WHAT IS EXPECTED ▸
Restate word for word the lines in the listing below, starting at the line containing "Newcastle upon Tyne, UK, 8" and ending at the line containing "139 Gates Avenue", both included; leave out the rest.

INFORMATION PROVIDED ▸
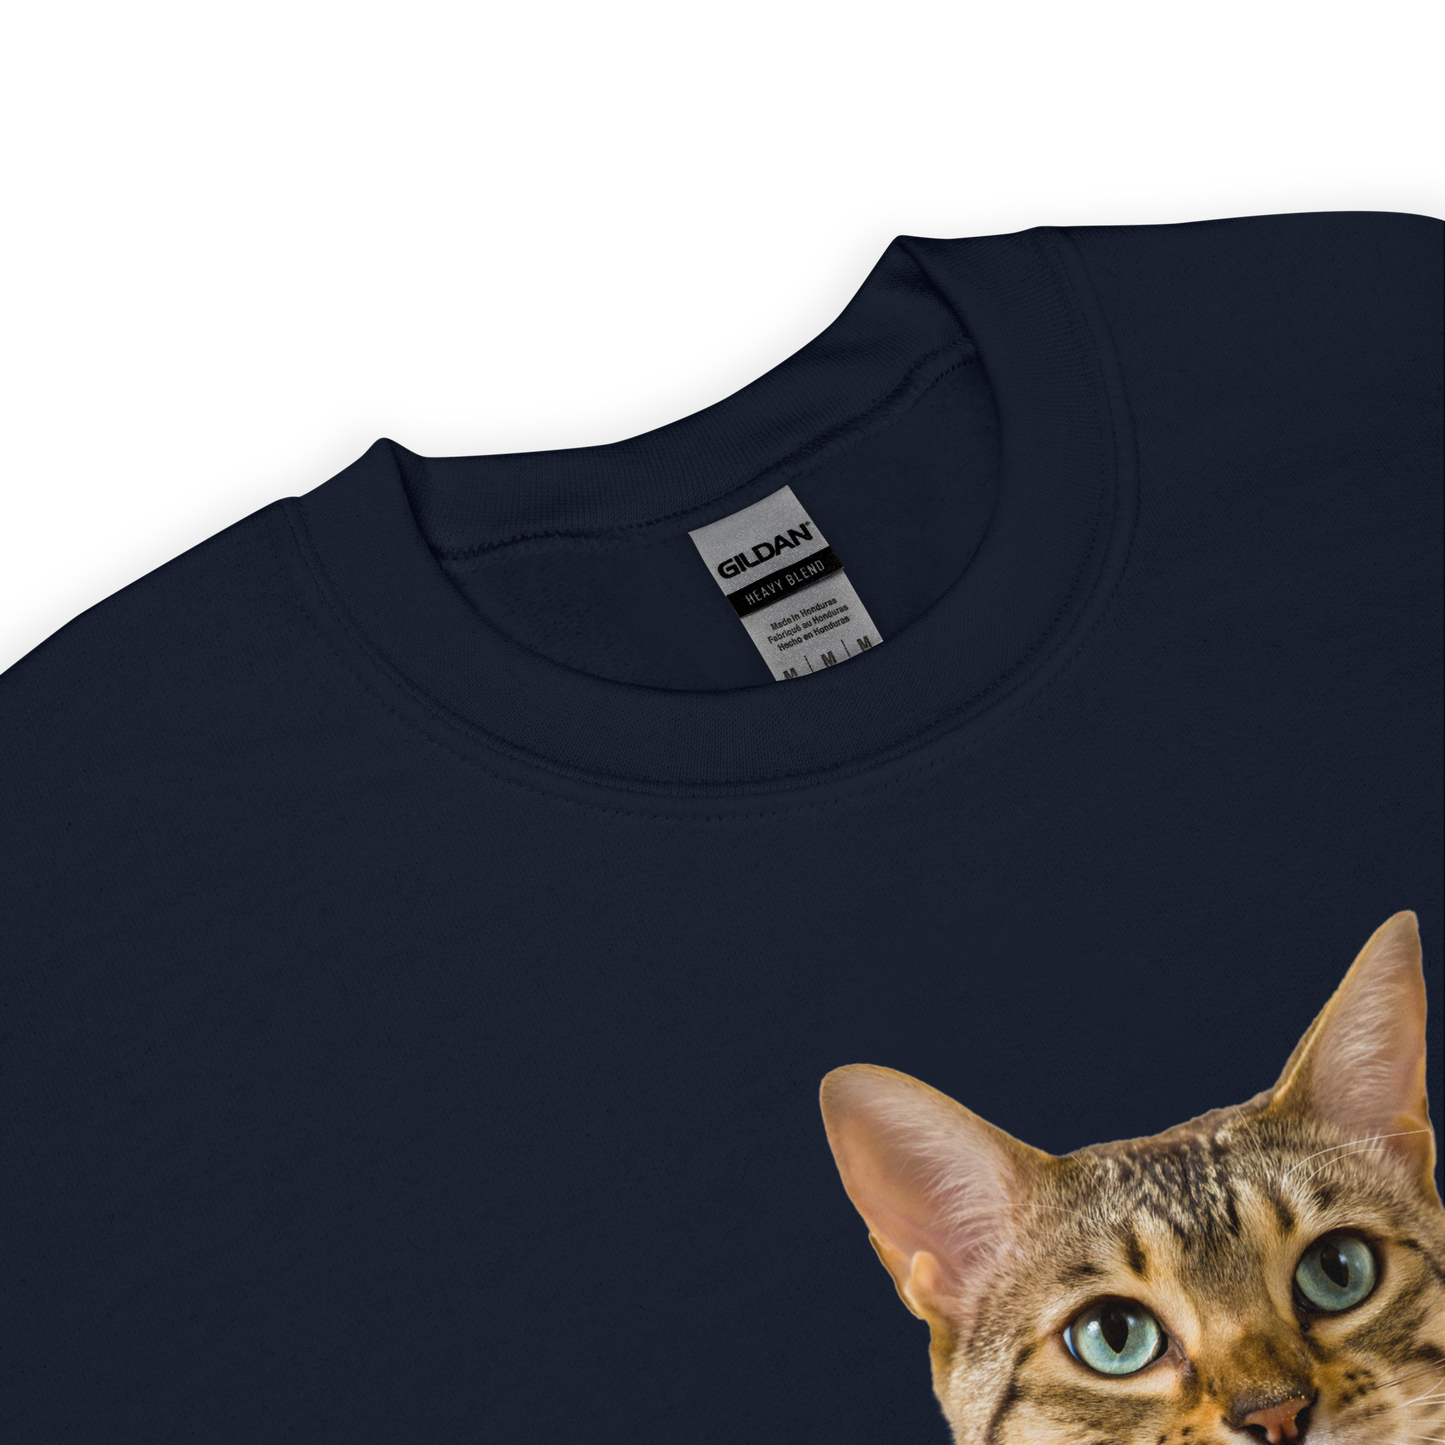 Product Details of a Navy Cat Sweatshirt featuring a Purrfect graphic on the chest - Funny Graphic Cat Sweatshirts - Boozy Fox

--

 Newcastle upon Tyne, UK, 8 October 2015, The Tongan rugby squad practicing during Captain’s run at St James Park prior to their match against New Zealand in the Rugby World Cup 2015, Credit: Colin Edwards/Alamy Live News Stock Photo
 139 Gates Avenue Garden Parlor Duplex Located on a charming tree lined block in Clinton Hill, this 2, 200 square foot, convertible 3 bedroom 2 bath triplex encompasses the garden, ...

FINISHED EXERCISE ▸
 Newcastle upon Tyne, UK, 8 October 2015, The Tongan rugby squad practicing during Captain’s run at St James Park prior to their match against New Zealand in the Rugby World Cup 2015, Credit: Colin Edwards/Alamy Live News Stock Photo
 139 Gates Avenue Garden Parlor Duplex Located on a charming tree lined block in Clinton Hill, this 2, 200 square foot, convertible 3 bedroom 2 bath triplex encompasses the garden, ...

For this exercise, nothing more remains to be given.